**Supplied material**
--------------------------------

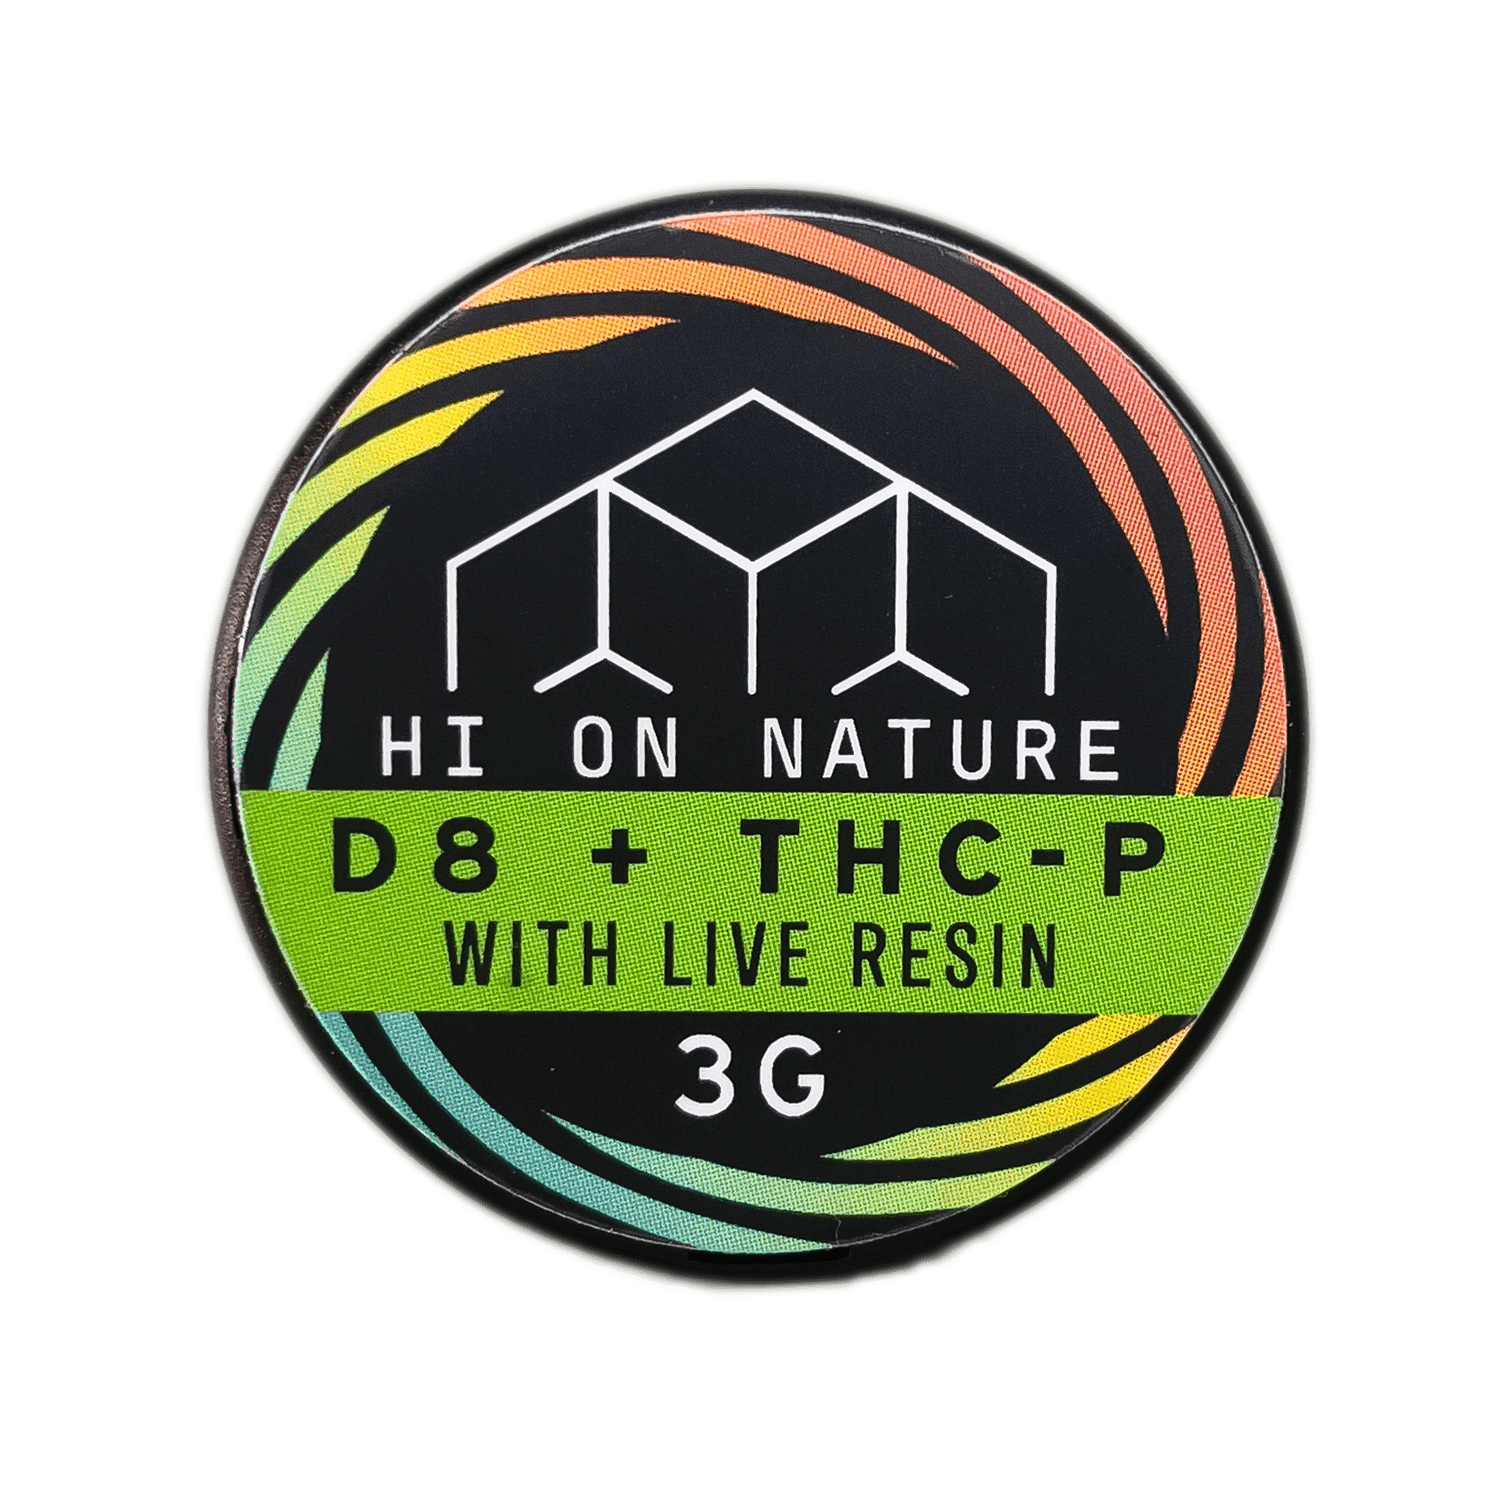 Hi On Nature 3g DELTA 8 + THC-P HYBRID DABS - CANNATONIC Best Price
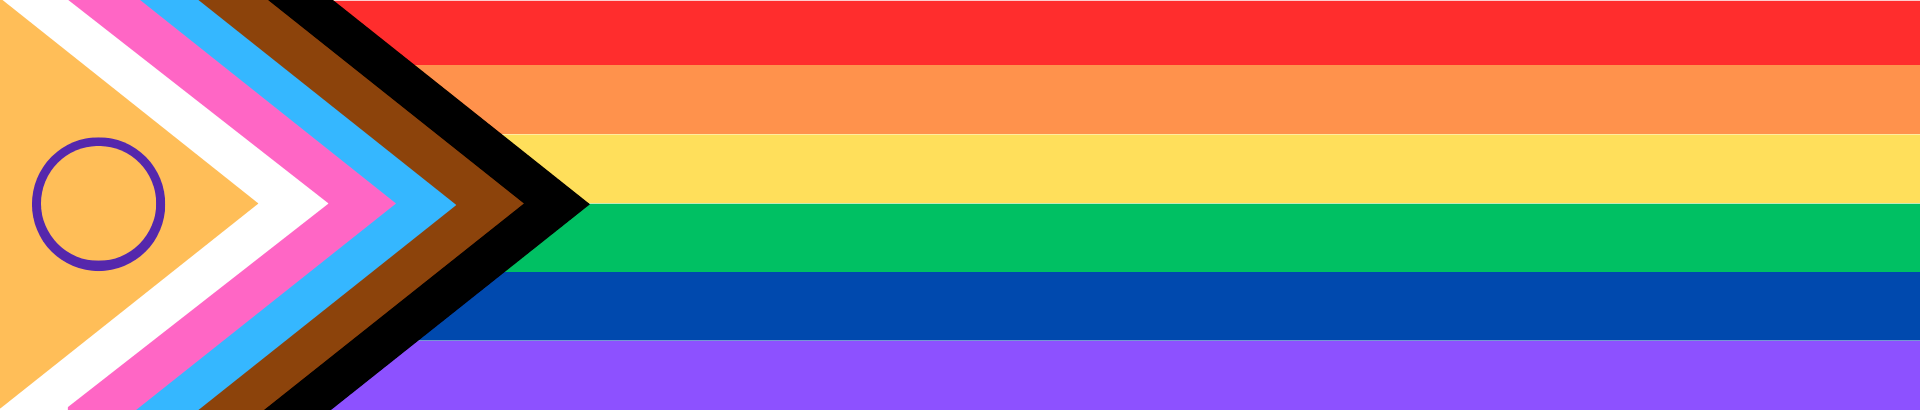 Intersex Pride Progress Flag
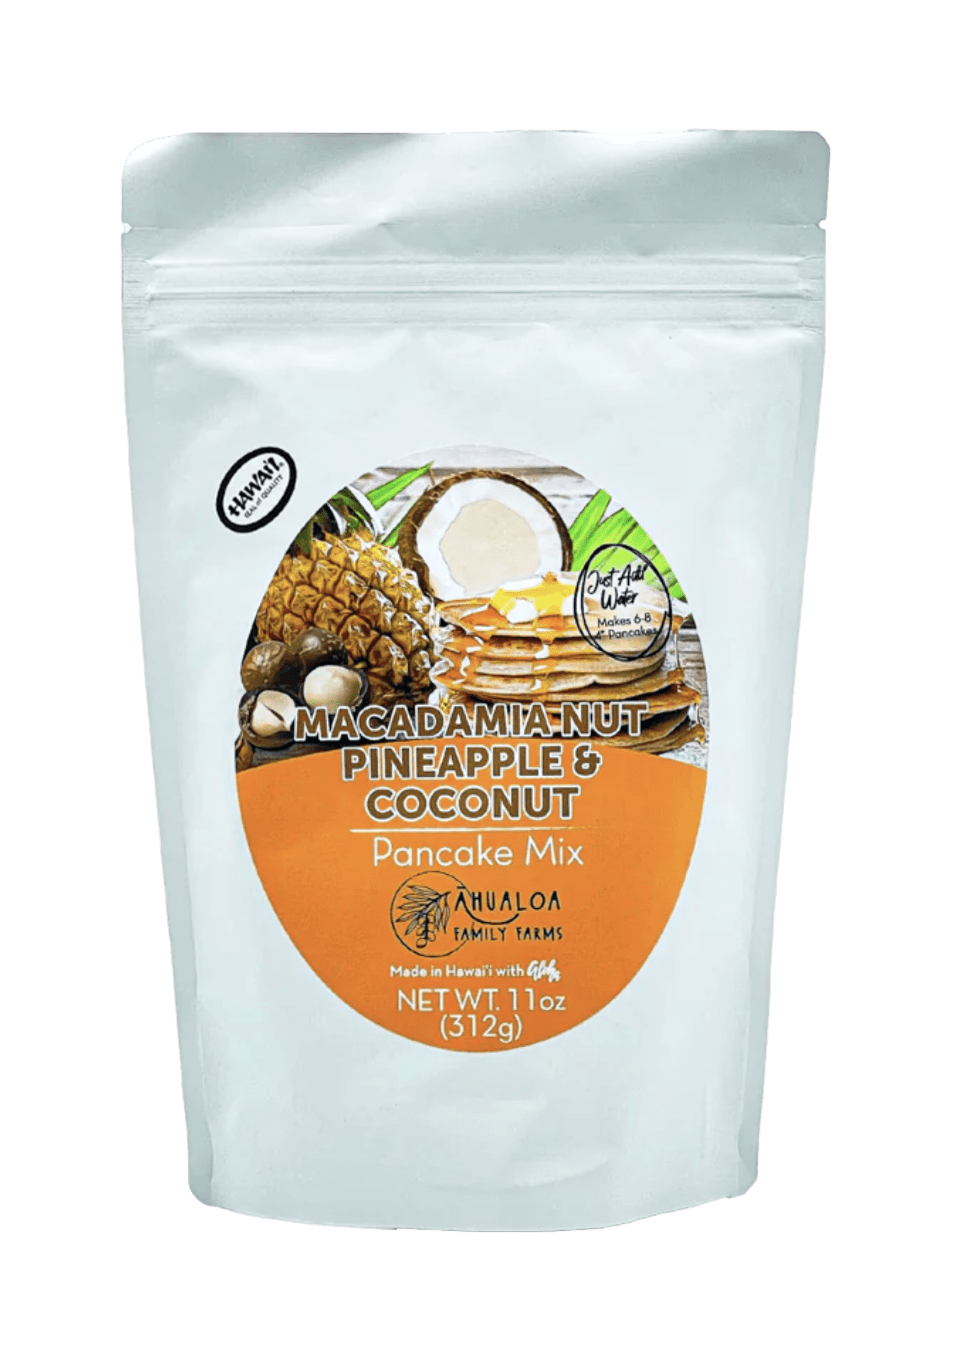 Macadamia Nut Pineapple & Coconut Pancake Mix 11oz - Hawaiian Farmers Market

--------------------------------

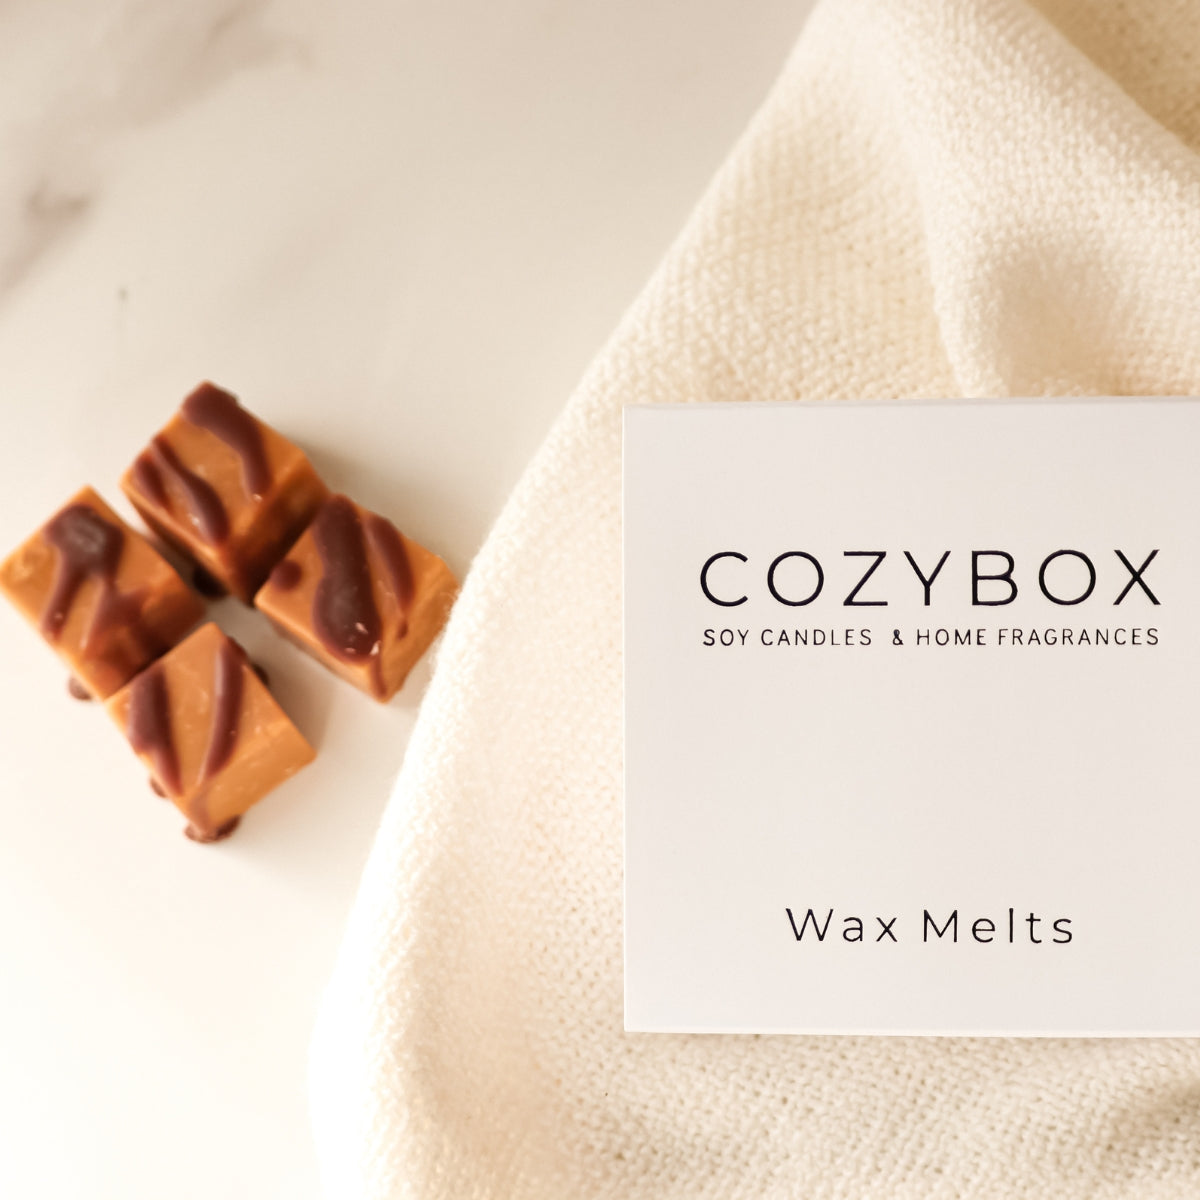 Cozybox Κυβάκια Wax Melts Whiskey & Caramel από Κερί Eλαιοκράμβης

--------------------------------

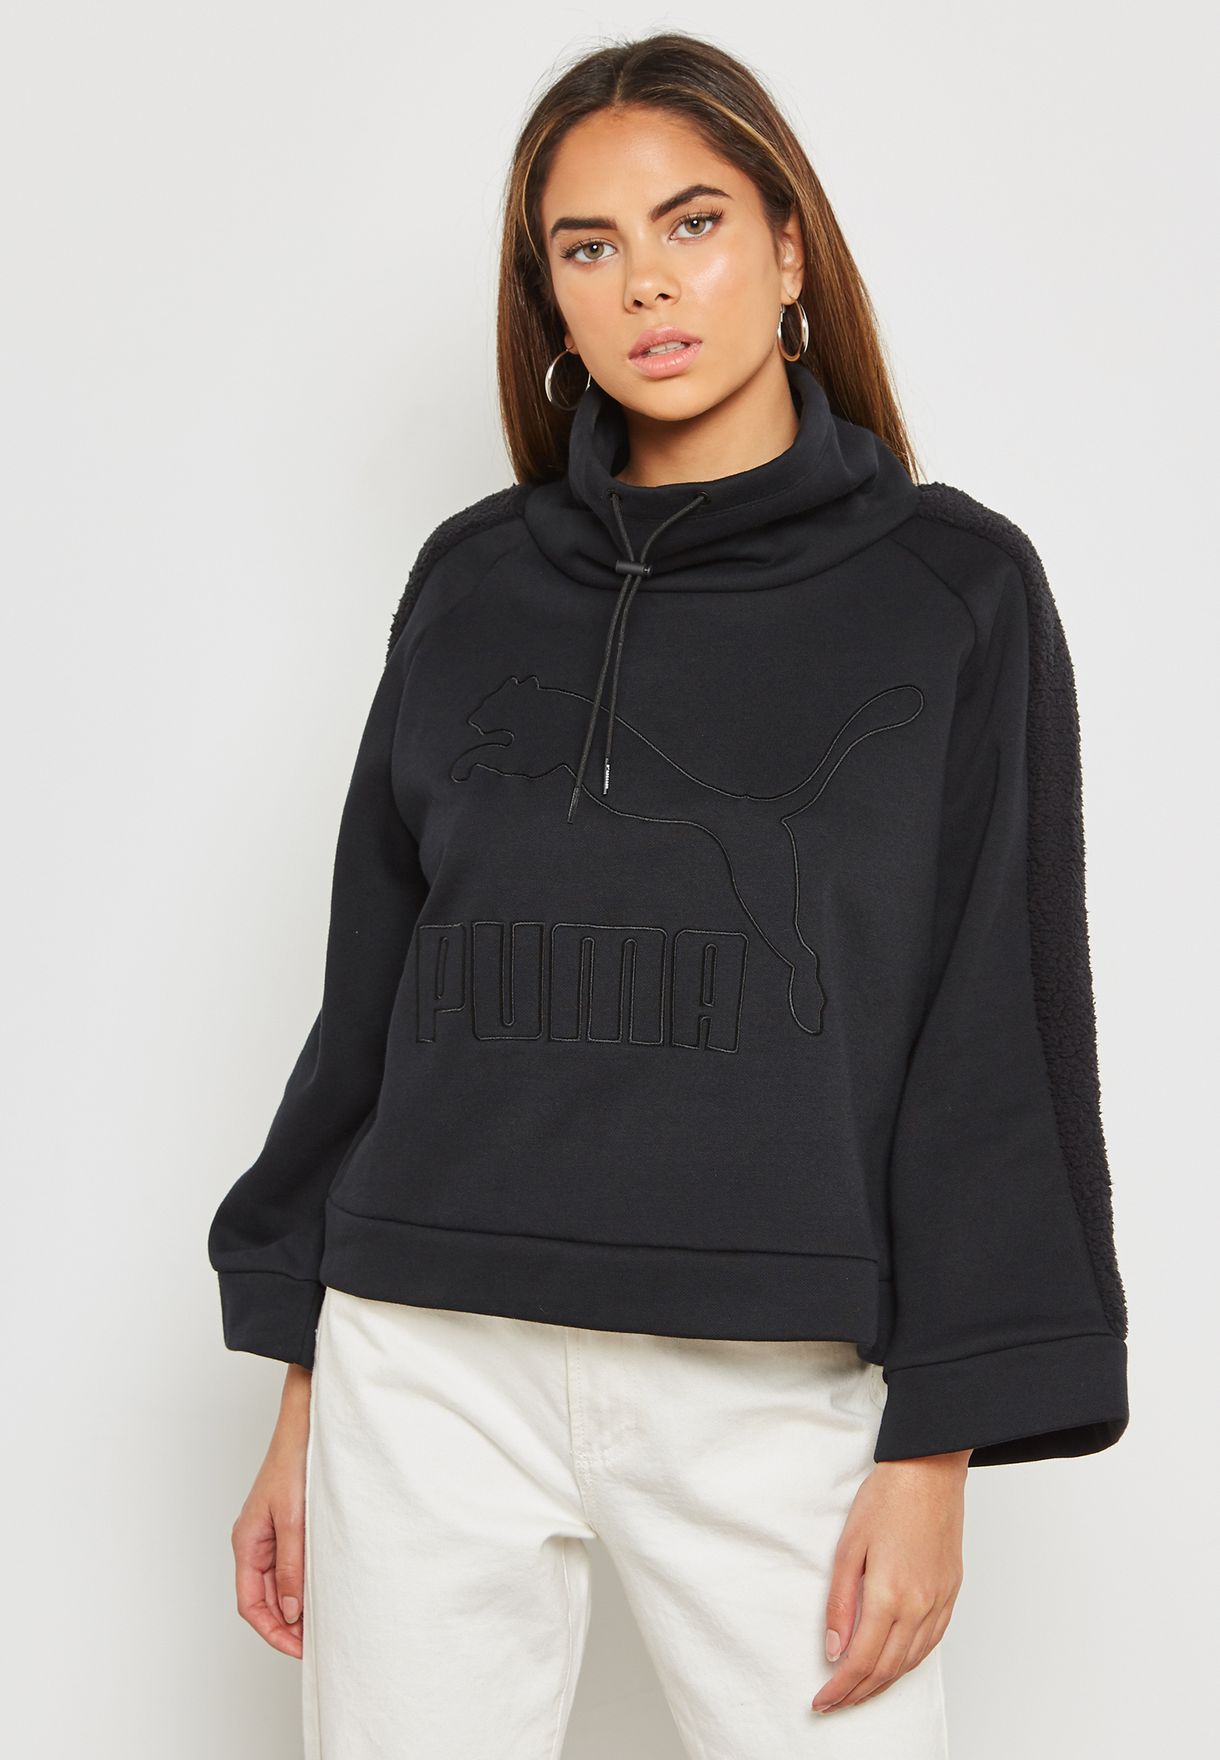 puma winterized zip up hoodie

--------------------------------

Give again the stretch of the entries above that begins at the line with "Hi On Nature" and ends at the line with "Macadamia Nut Pineapple", word for word, with no pictures.

 Hi On Nature 3g DELTA 8 + THC-P HYBRID DABS - CANNATONIC Best Price
 Intersex Pride Progress Flag
 Macadamia Nut Pineapple & Coconut Pancake Mix 11oz - Hawaiian Farmers Market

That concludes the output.